3.  SENATE SEATS AND OBAMA:  Something funny is going on.  During the period after Debate #1, when the media were screaming that Romney was surely pulling ahead of Obama in the polls, the Democratic candidates in about eight supposed-to-lose Senate races went right on doing just fine, still beating all the earlier predictions of a Democratic wipe-out in these seats.  Now, it certainly is true that a Senate race can beat the top of the ticket here and there and now and then.  But when a whole bunch of Senate races seem to be going opposite the polls for the top of the ticket   -   well, that just doesn't make sense.  Only if these were long-time, beloved incumbents could it add up.  And these aren't.  These races are almost all just two newcomers battling it out or a one-termer like Montana's Dem Senator Jon Tester battling for re-election.  (I'm not including the Senate race in Missouri in my count of eight because Tom Aiken is from another planet.
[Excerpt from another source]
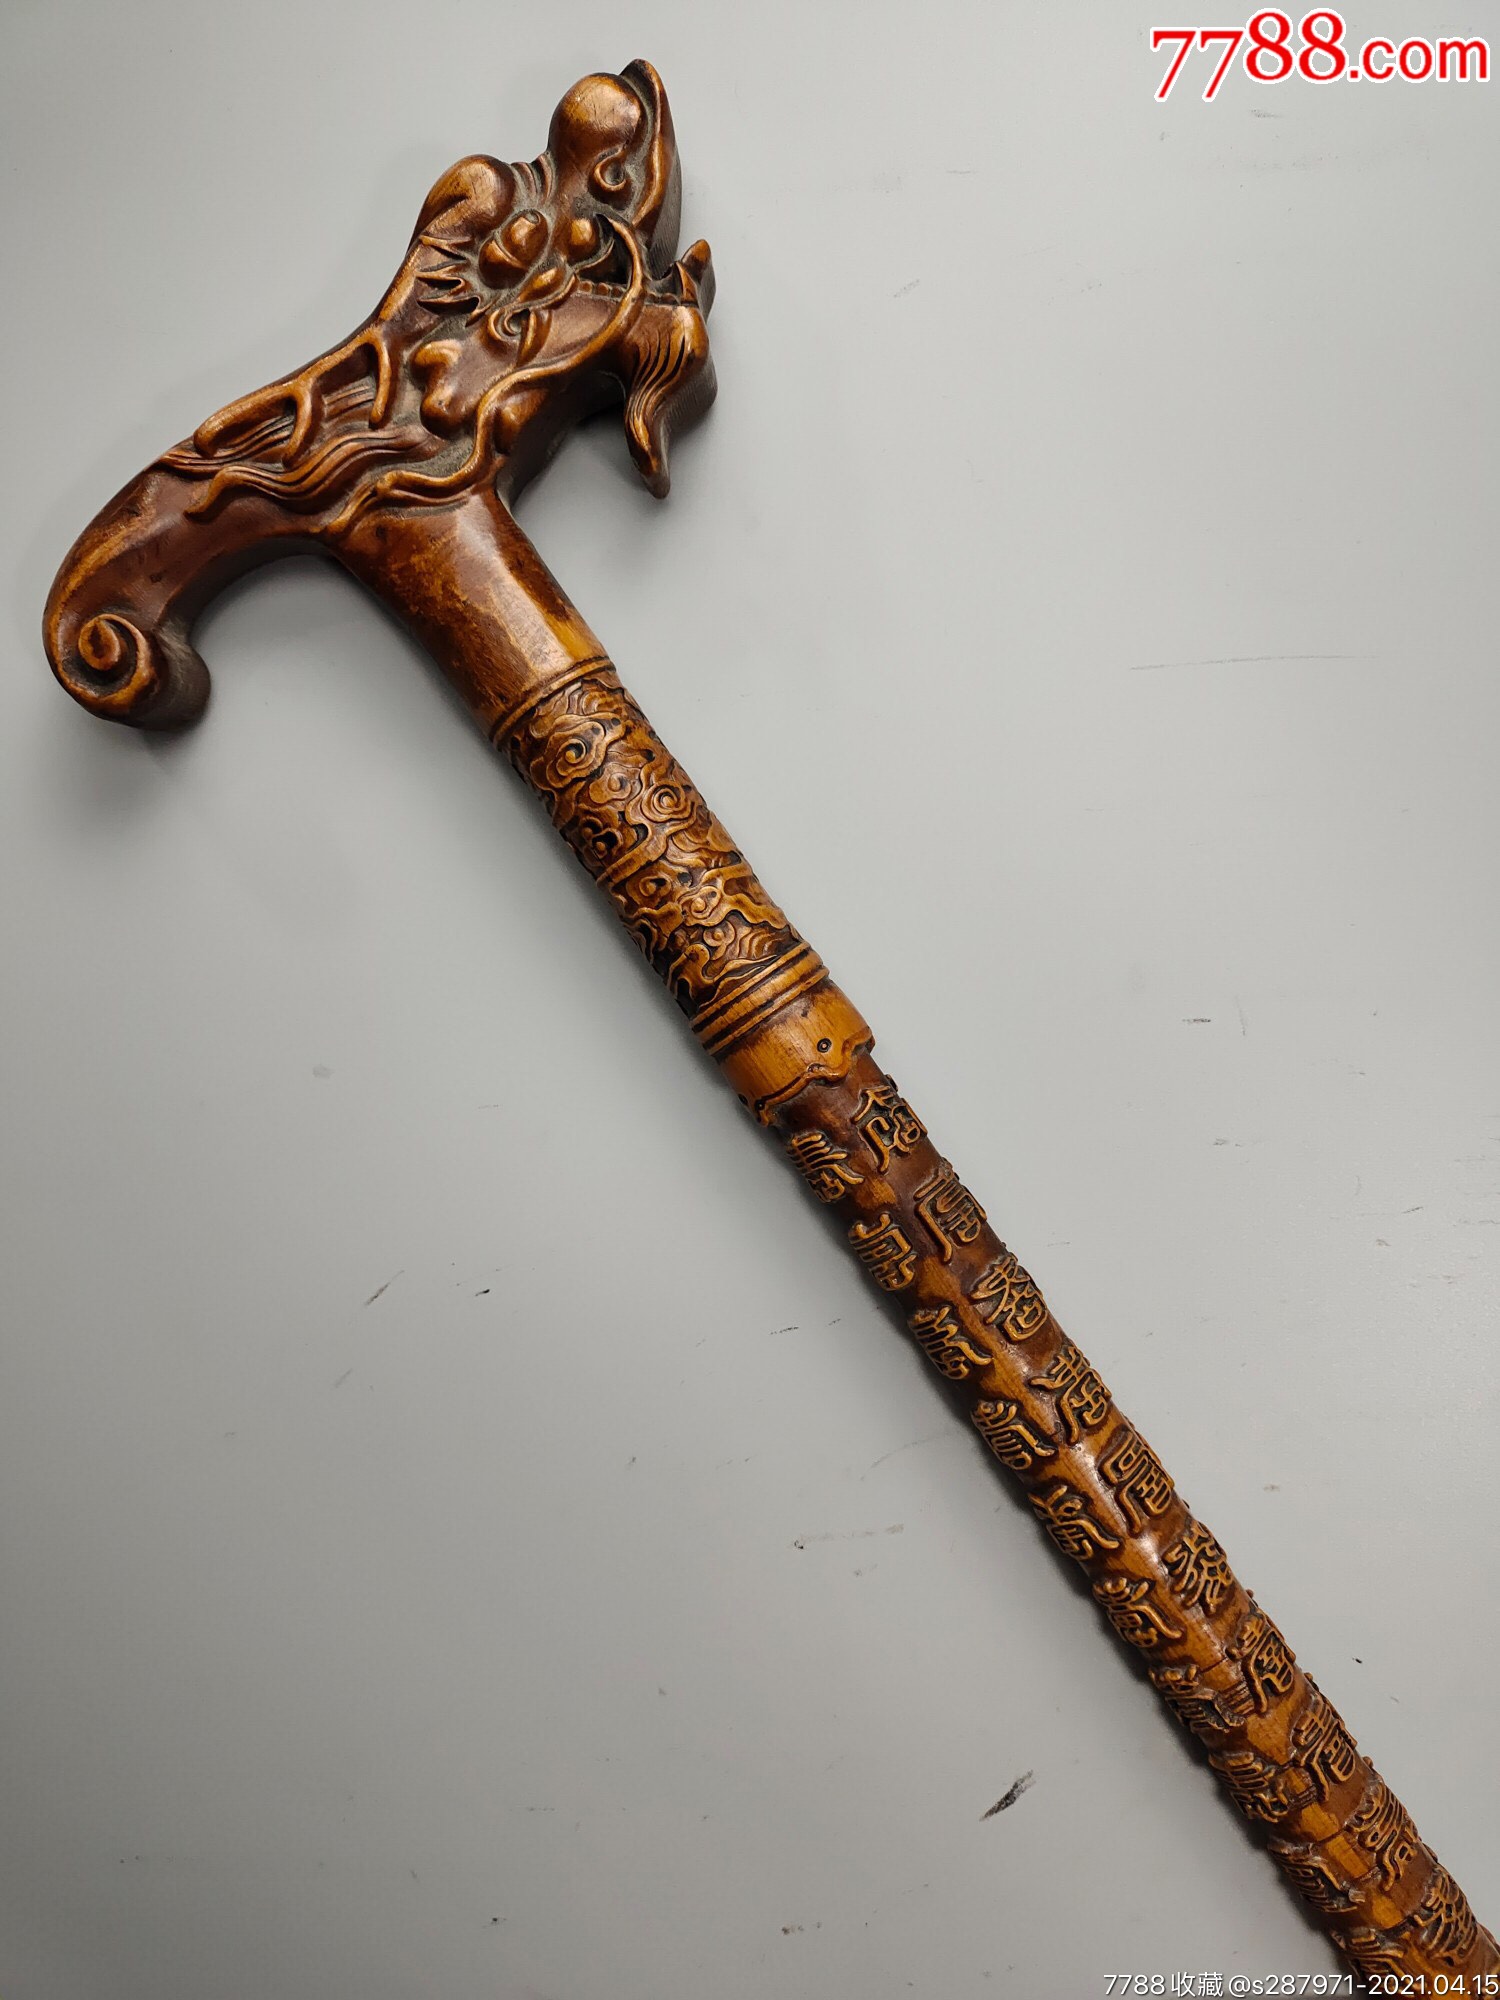 旧藏桃木拐杖老桃木纯手工雕刻'寿'字龙头拐杖直径长88厘米宽18厘米
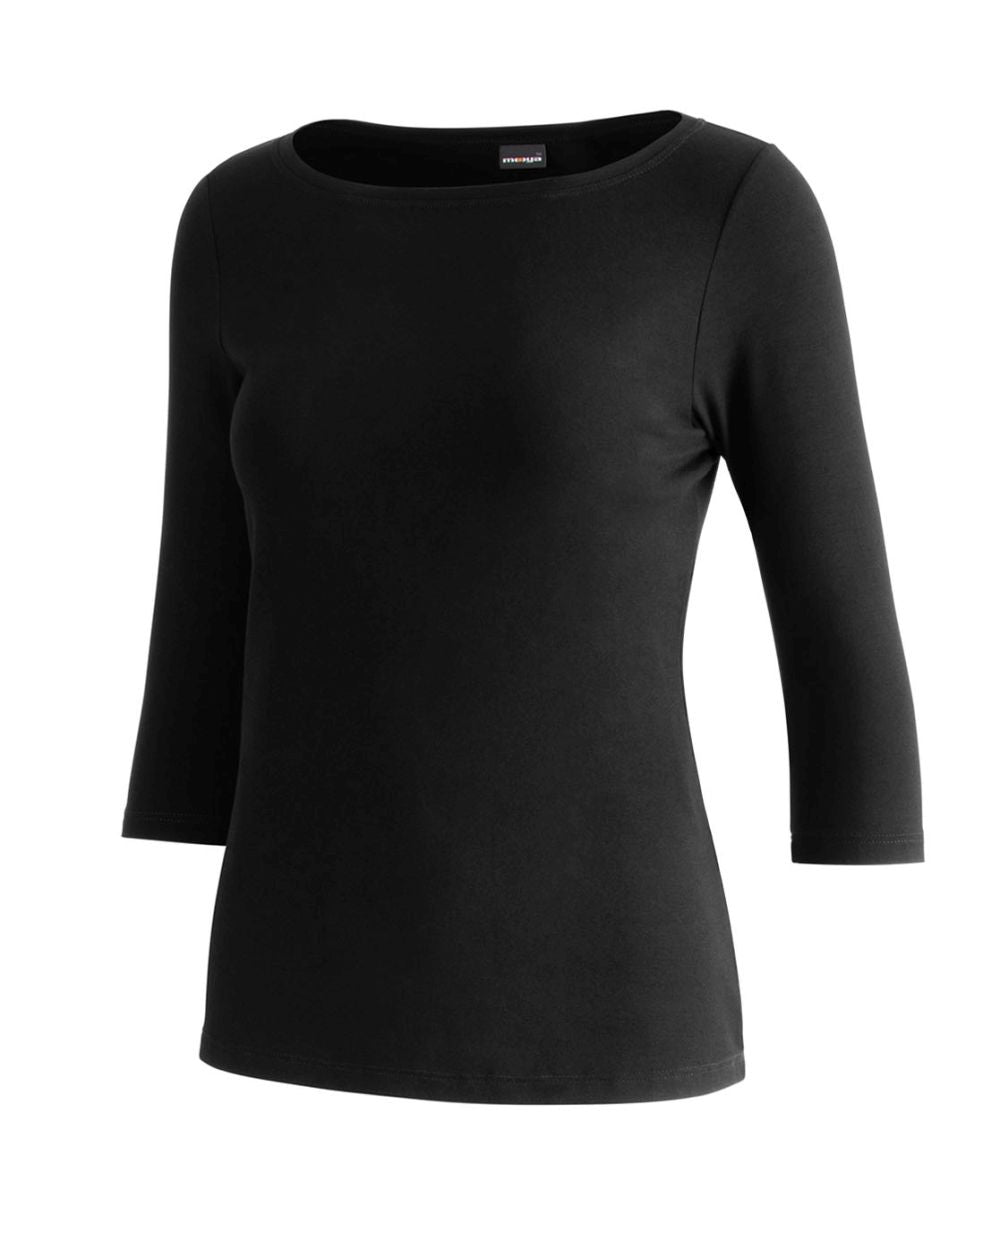 Damen-Shirt Valerie, Farbe black schwarz, Bootsausschnitt, 3/4-Arm

Is Dem Senator Claire McCaskill Irish and thus so lucky?)
Are a couple of national polls off about Obama v. Romney (Pew and USAToday) or are all the pollsters covering eight separate Senate seats wrong?  You decide where you'd bet the farm.

4. A "DUMB" POLL: GALLUP/USA/TODAY:  The term "dumb" is Nate Silver's, the whiz-bang poll analyst for the NY Times, in describing yesterday's Gallup/USAToday poll claiming to show Obama losing in some key swing states.  What's dumb?  Gallup didn't poll these states separately but merely broke out the respondents state-by-state from its national poll.  Why is this dumb?  Because Gallup ended up with a sample in each state so small as to be totally non-credible.  With only 1000+ respondents nationwide, the number of respondents in any one state was waaaaay below a meaningful sample.  That's a criticism quite different from the GOP yelling that earlier polls had too many Democrats.  Pollsters take what they find regarding number of GOP versus number of Democrats.  That's standard operating procedure.  But having too small a sample is a big fat no-no among all reliable pollsters.  Bottom line:  ignore yesterday's USAToday/Gallup.

5.  THE WOMEN:  There's a big ballyhoo that Obama's losing his edge with women in the key states.  This latest whoop comes from the same poll discussed at #4.  It's doubly faulty because Gallup's break-out of just women reduces the sample size to a pinhead.  Chuck Todd, MSNBC's poll numbers addict, got in just one sentence in all the uproar:  "Obama is not losing his margin with women!"  A voice crying in the wilderness of pundits determined on hype.

That's enough wonkiness for now.  (There will be a quiz.)

So lift a beer to the skinny fighter who so cleverly ended the debate by smacking Romney with the 47%.  The closing words are supposedly those longest remembered.  Good job,  Mr. President!

Now let us have the last word on this election.  Let's get our folks OUT TO VOTE!


Yeah, Romney, and you ain't heard the last word on those tax returns!  Turn 'em loose!